Half Marathon Kettlebell Workout
A half marathon... with a kettlebell?!?
Yes, that's a thing. In case you missed it, I recently wrote a post on 6 ways to improve your cardiovascular fitness with kettlebells. One of the methods I listed is half-marathon or marathon sets, meaning a full 30 or 60 minutes of lifting without setting the kettlebell down. Sounds like fun, right?! ;)
I'm a firm believer that just like running a half marathon, completing a half marathon with a kettlebell is something everyone should do AT LEAST once in their life (coincidentally, I've completed both of them exactly once).
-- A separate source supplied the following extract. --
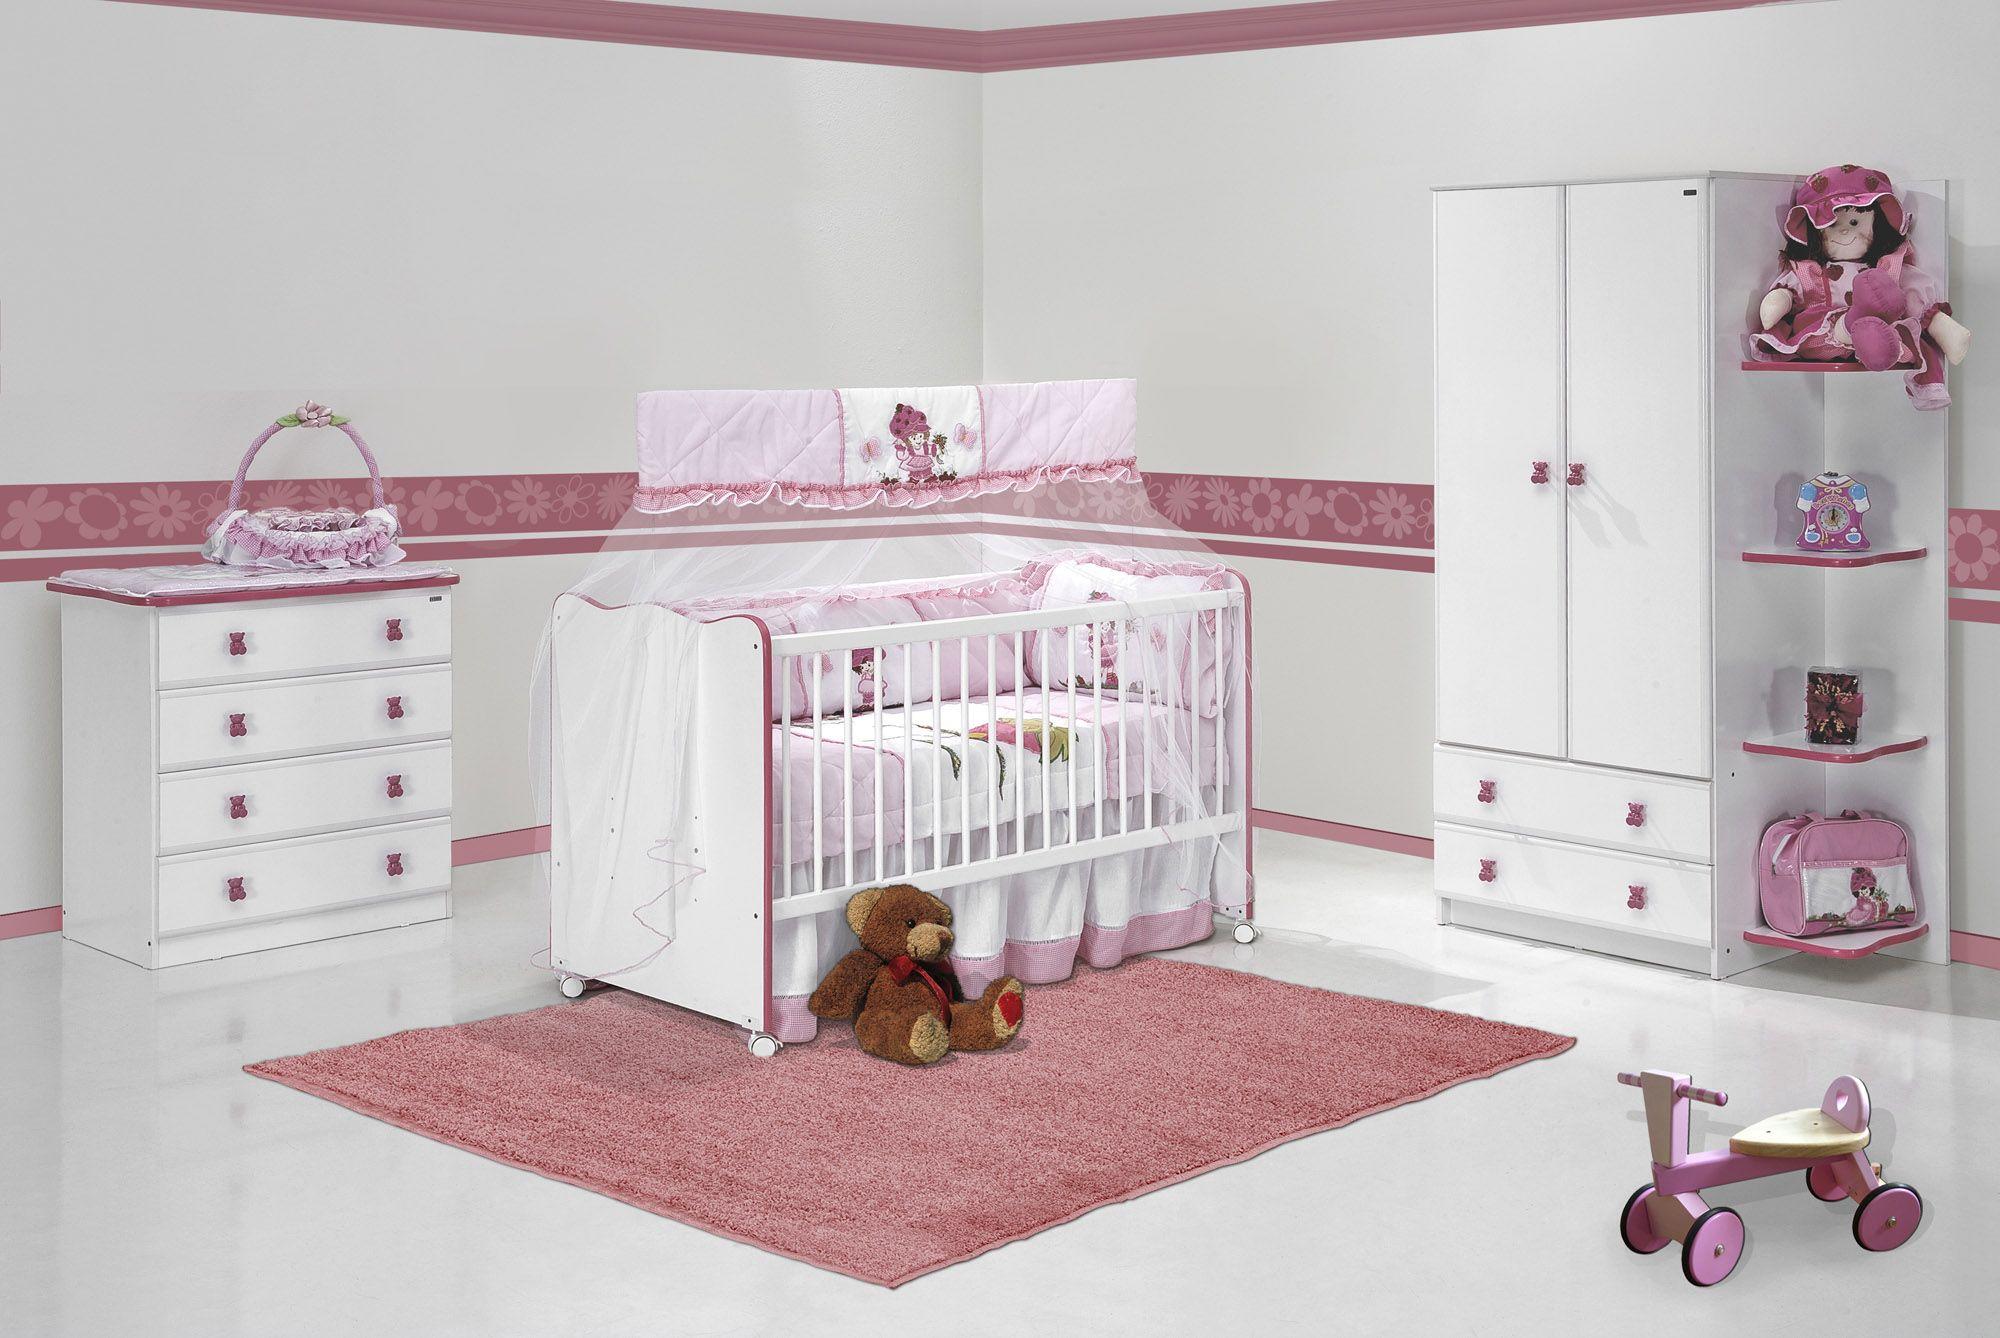 Dicas para a decora o do quarto de beb for Deco quarto

While most of us probably won't do anything as crazy as setting a Guinness record for the kettlebell marathon, we can still have fun, challenge ourselves, and reap the cardio benefits from doing a long, steady state kettlebell set.
As you may have guessed, today's workout is to complete a kettlebell half marathon (30 minutes)!
Here are a few guidelines for the workout...
- Choose from 1 of 3 lifts: swing, clean & jerk, or snatch (clean & jerk is the easiest as you can rest in rack; swing and snatch will fatigue your grip much more).
- Complete 30 minutes of nonstop lifting (meaning you cannot set the kettlebell down until the end of the time).
- Switch hands as many times as you like.
- Pace yourself! It's a (half) marathon, not a sprint.
- Have a chalk bucket nearby! I recommend VIKN chalk.
- If you have never done more than a minute or two of kettlebell lifting at a time, I highly recommend you start with 10 or 20 minutes and work your way toward doing 30 minutes another time.
- Have fun!!! Comment and let me know how you do.